Here's what I found:
Noise: NOT a problem. The Fan is virtually silent and the unit only sounds like a little hovercraft taking off for 5 seconds or so on start up. After that it is Ninja-like in it's stealth.
Using WD My Book RAID Manager: I have the drives plugged into a PCI 1394 controller card. The My Book Raid Manager utility that allows you to change the raid configuration and such will not work with such a set up. You have to plug the drive into an available USB port connected directly to the motherboard. Then you can change the RAID. After you have configured it the way you want then you can plug the unit back into the 1394 card to take advantage of the speed of the 800 interface. You won't have to configure the RAID very often - only once to get the one you want - but not knowing how to do it is frustrating - took an hour to get through the support chain to an answer. (very excellent support I might add- and free for 30 days after purchase)
Sleep: the drive goes to sleep after 10 minutes of non-activity - with a soft transition time starting after a few minutes.
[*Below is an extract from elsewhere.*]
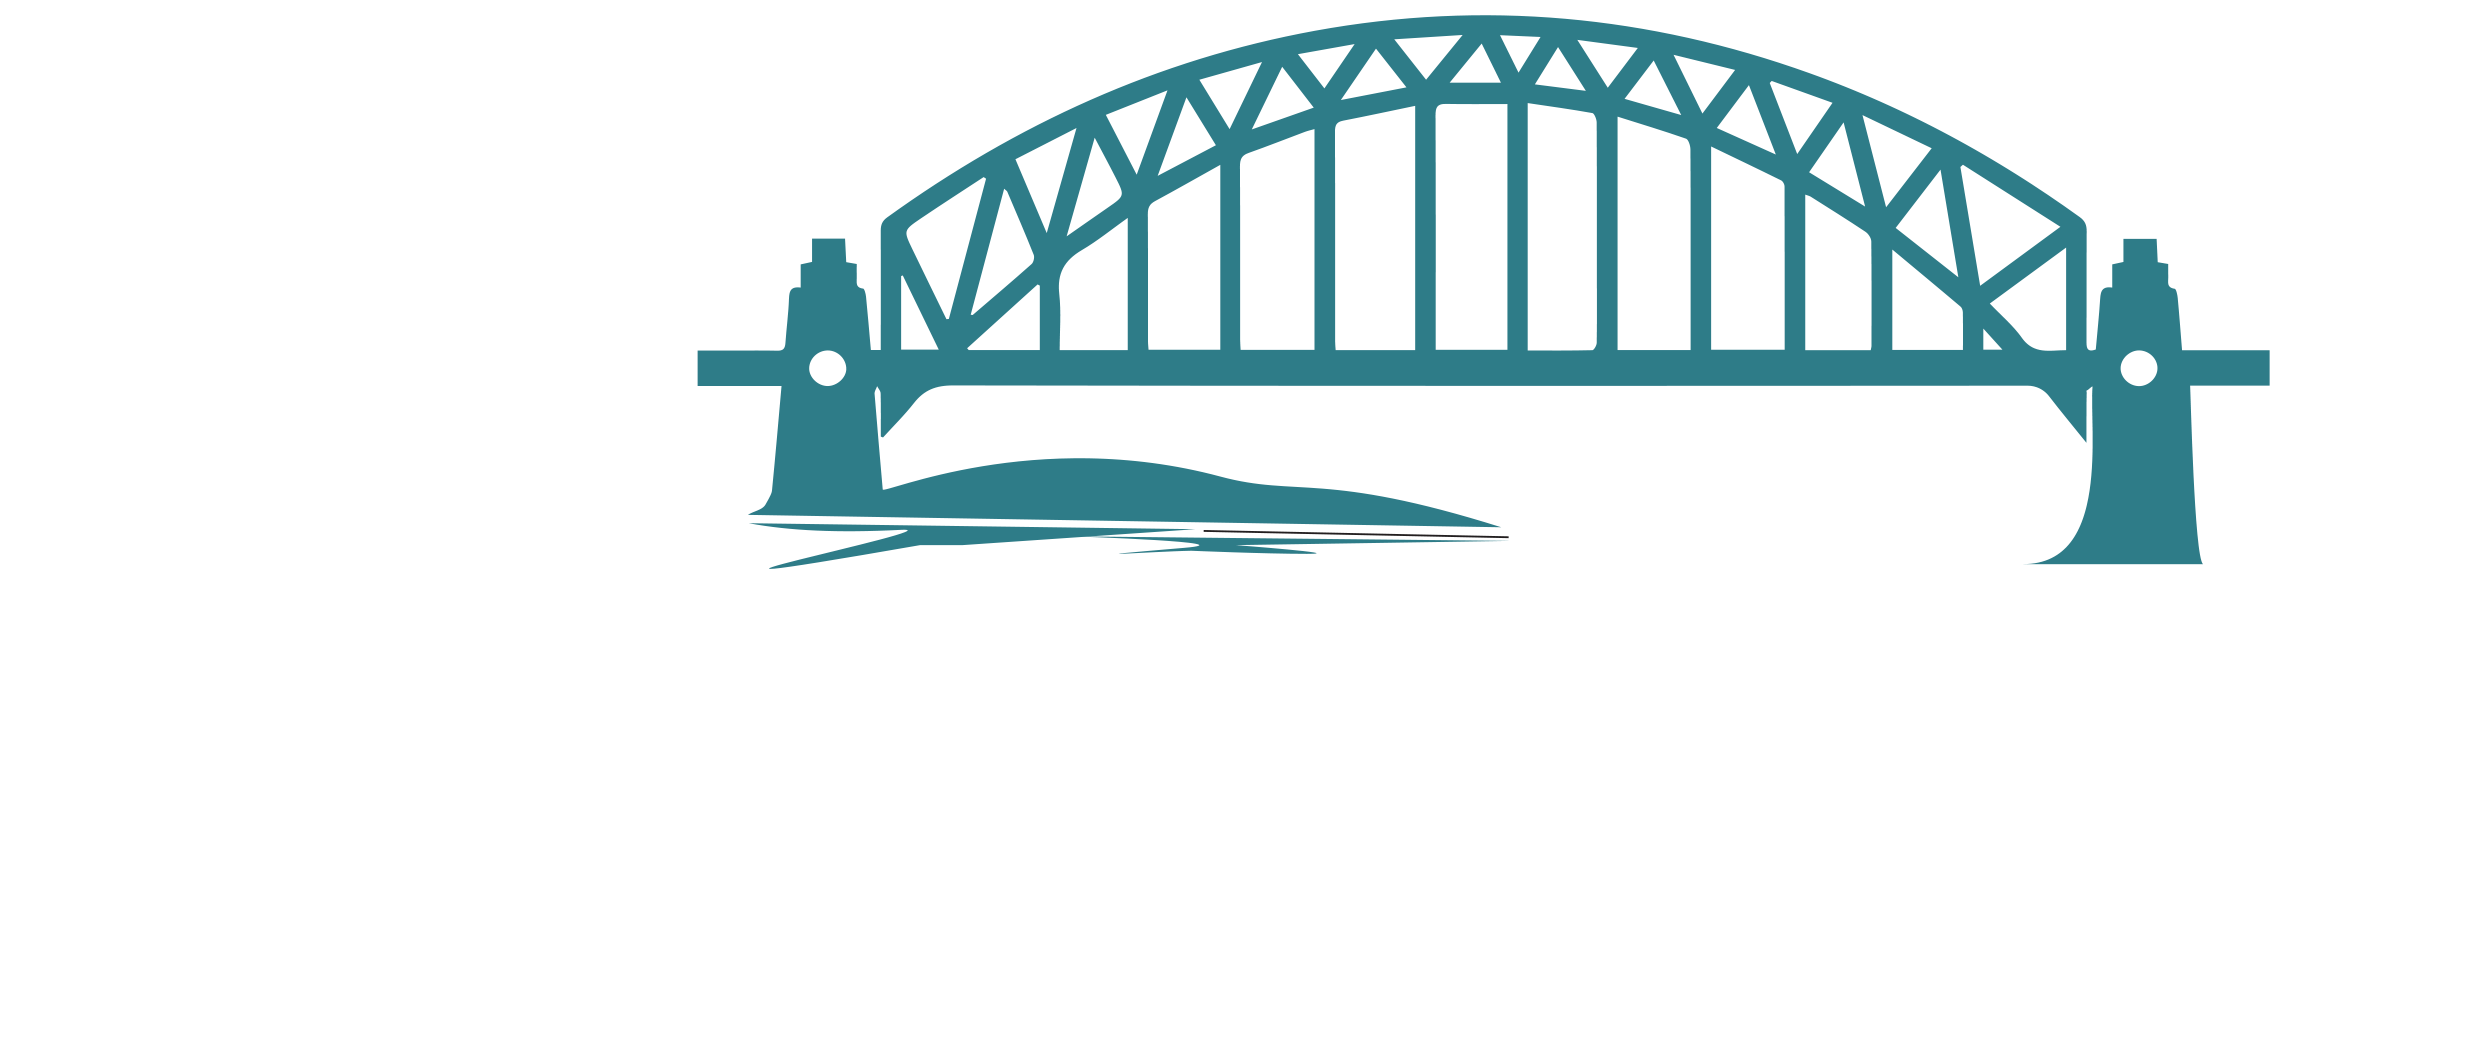 Glasgow Chamber of Commerce Logo

I found this to be a problem because I am working in 3D software and have my autosave/backup setting at 5 minutes. If you do any 3d you know why this is. So what I found was that my saves were taking 3 to 4 times normal and slowing down my productivity big-time because I had to wait for the drive to 'wake up'. The tech I talked to said that there was no way to change the setting and that they were working on a firmware update. If it wasn't for my specific use of the product in this way the spin up time is very acceptable and not a problem for most users.
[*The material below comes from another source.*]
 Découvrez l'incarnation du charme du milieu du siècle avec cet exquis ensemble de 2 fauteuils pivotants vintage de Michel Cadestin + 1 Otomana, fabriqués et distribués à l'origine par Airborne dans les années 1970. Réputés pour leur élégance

All in all these drives are extremely reliable. I've had my first 3 for 2 years and never had a problem - and I hammer them pretty hard with large file transfers and huge HD res image files.
Duane Loose
My Book Pro II/Premium II family great; problems with Vista.
This review covers the family of My Book Pro II/Premium II drives from Western Digital, since the primary differences between the 1.0, 1.5 and 2.0Tb dual-drive models involve the size of the drive pair only, as far as I can tell. I own the My Book Pro II 1.5Tb drive and have only configured it for the factory-default Raid 0 mode, since I wanted as much non-redundant storage as possible.
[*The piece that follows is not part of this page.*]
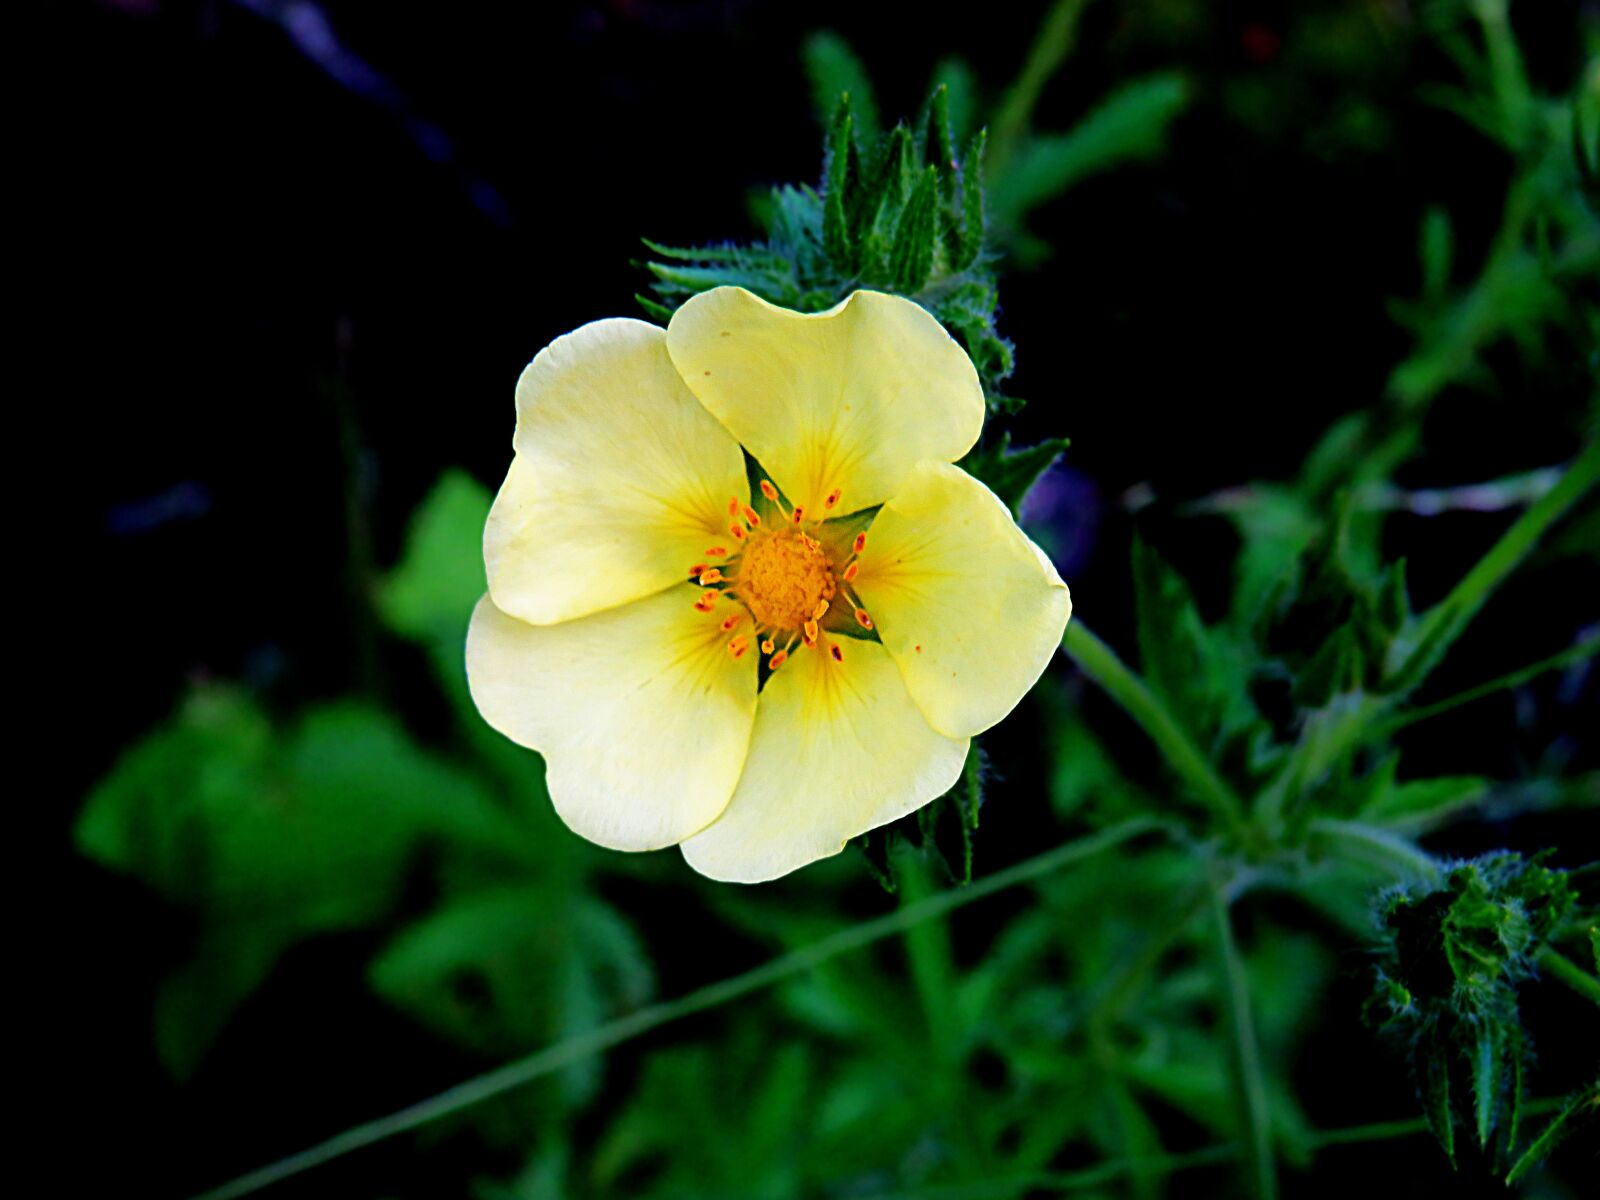 Canon PowerShot SX540 HS sample photo. Flower, petals, nature photography

Anyone not familiar with external USB or Firewire drives may be surprised at the significantly slower data transfer; the USB or Firewire interface is the bottleneck, not the drive itself. For bulk storage at still-reasonable transfer rates and for the purchase price per byte, these large capacity drives can't be beat - as long as they are reliable and the user observes all the rules about making sure the drives are safe to physically disconnect from the computer (I won't cover the rules here; the operating system has its own Help section that can assist the user who is unsure of how to physically disconnect their drive without turning off the computer itself).
OK, back to the Western Digital My Book II drive... when the drive is received, the Raid Manager software package should be installed before plugging in the drive. After I did this and plugged in the drive, I had one problem after another with the drive disappearing in Windows, the fan going very loud when there was no heat issue to make it do so, then the drive would act like it over-heated and shut down. Twice I received replacement drives and both replacement drives acted the same way.
I figured the problem wasn't the drive, so I tried the second replacement on a second PC running Vista; same problems. I next moved the drive to a PC running Windows XP; no problem - the drive ran quietly and reliably.
It turns out there is currently (12/22/07) a problem with Windows Vista and the way it stores driver information. The fix is found in their technical bulletin 1708 (go to www.wdc.com, support, frequently asked questions and enter "1708" in the "Search by Keyword" field. This has solved all my problems with my drive and I can now recommend this drive without reservations, however Vista is due for its first significant "patch", SP1, in the first half of 2008 and these sorts of patches have sometimes provoked new problems. I do think the solution presented in technical bulletin 1708 would still be helpful if the SP1 patch caused further problems, however.